Columns: the width of the column in the Data View, which can also be adjusted manually in the Data View by simply dragging the column.
Align: whether the data is left, centre or right aligned in the Data View.
Role: roles can be assigned to variables such as ‘Input’ or ‘Target’, although generally this is not required.
Having entered variable names in the Variable View, note that the columns in the Data View now automatically have those names as the headings (along with symbols to represent the measure). All that remains now is to key in the data, if required, so for this example enter the following in the Data View (either row by row, or column by column as preferred). Alternatively, you can download the data file attached below rather than entering the data.
Download this sample data file rather than entering the data above, if preferred:
In both cases, note the blank cell for the missing ‘Age’ data for case 8; if missing values had been set up, the missing value could be entered there instead (for example, 999 could be entered if that was assigned as a value to represent missing data).

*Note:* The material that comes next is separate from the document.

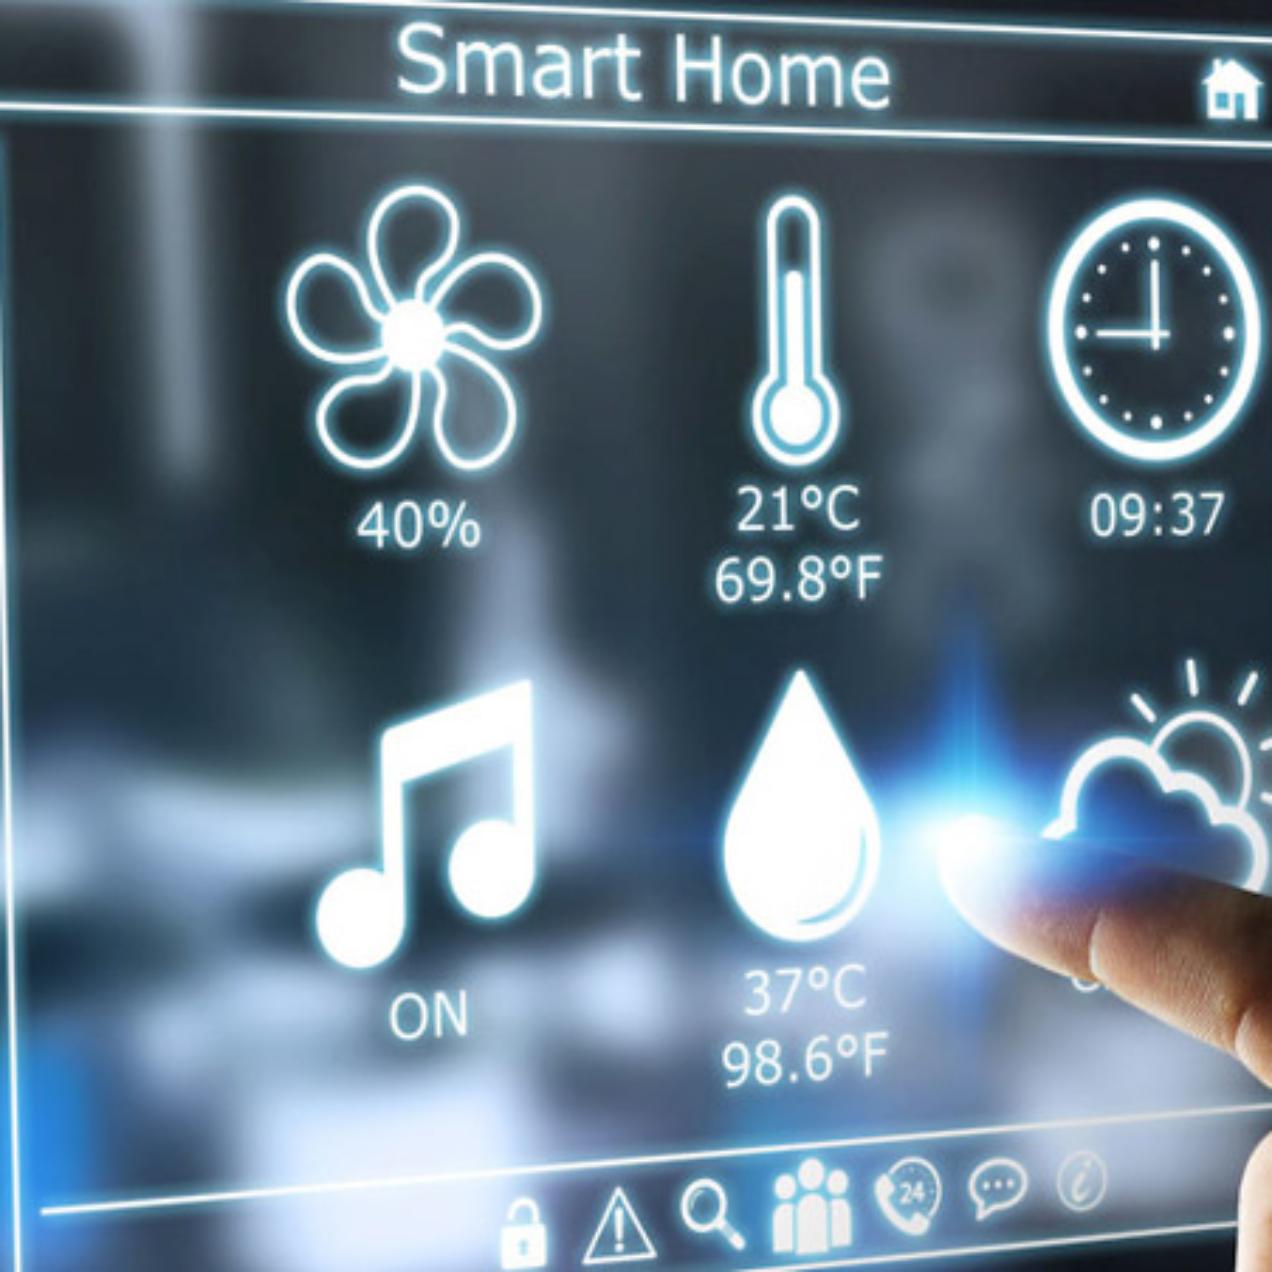 Casa smart, come risparmiare grazie alla domotica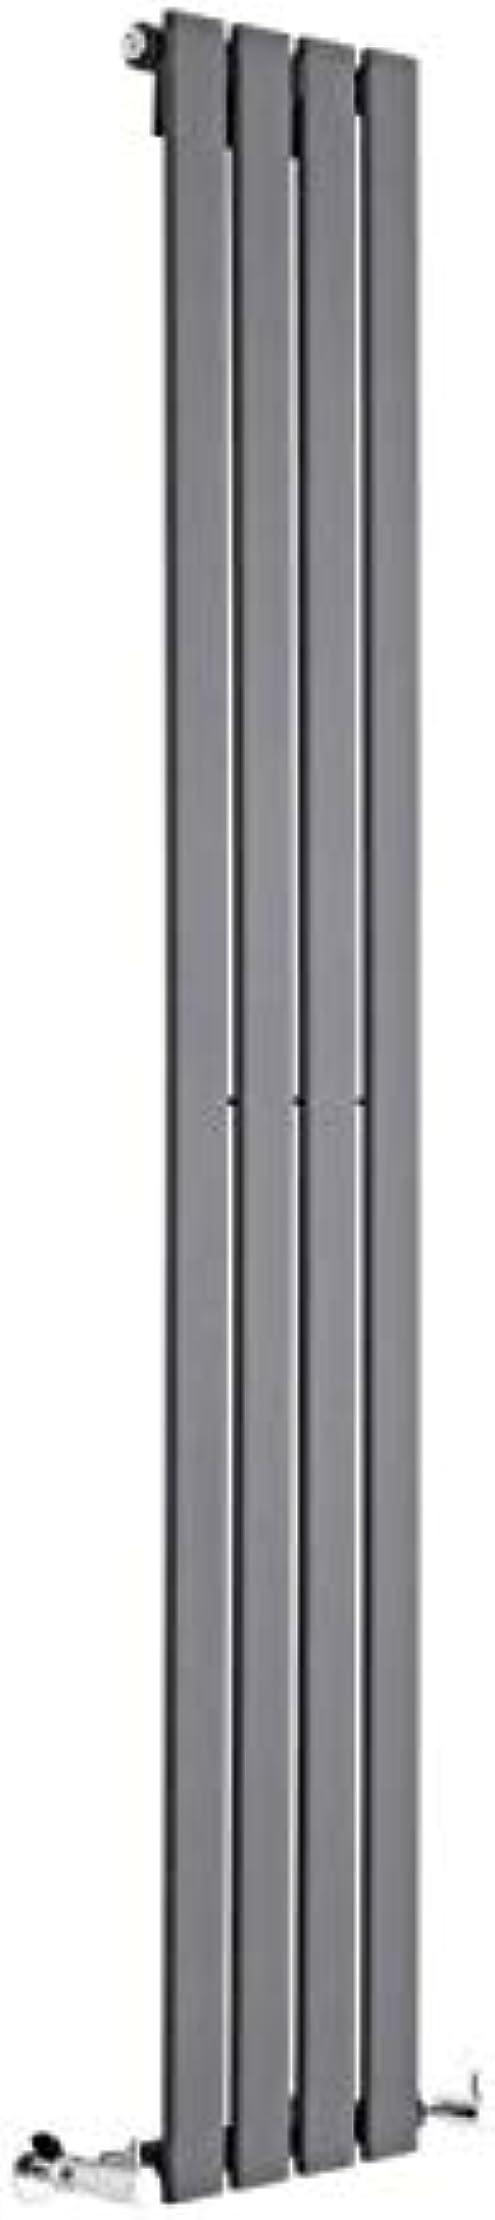 Termosifone con finitura in antracite - pannelli piatti - 1600 x 280mm - 586 watt riscaldamento ad acqua calda DE1600280VAS

Also note that you can see the value labels assigned to categorical variables if preferred, rather than the category numbers, by selecting the Value Labels icon available on the menu in the Data View:
Once a data file has been created, it can be saved in the usual way by going to File, Save As… and choosing a location and name. This will save as a .sav file type. When working in SPSS it is likely that you will also need to save other file types as well, such as output and syntax, but these will be covered in subsequent pages of this module.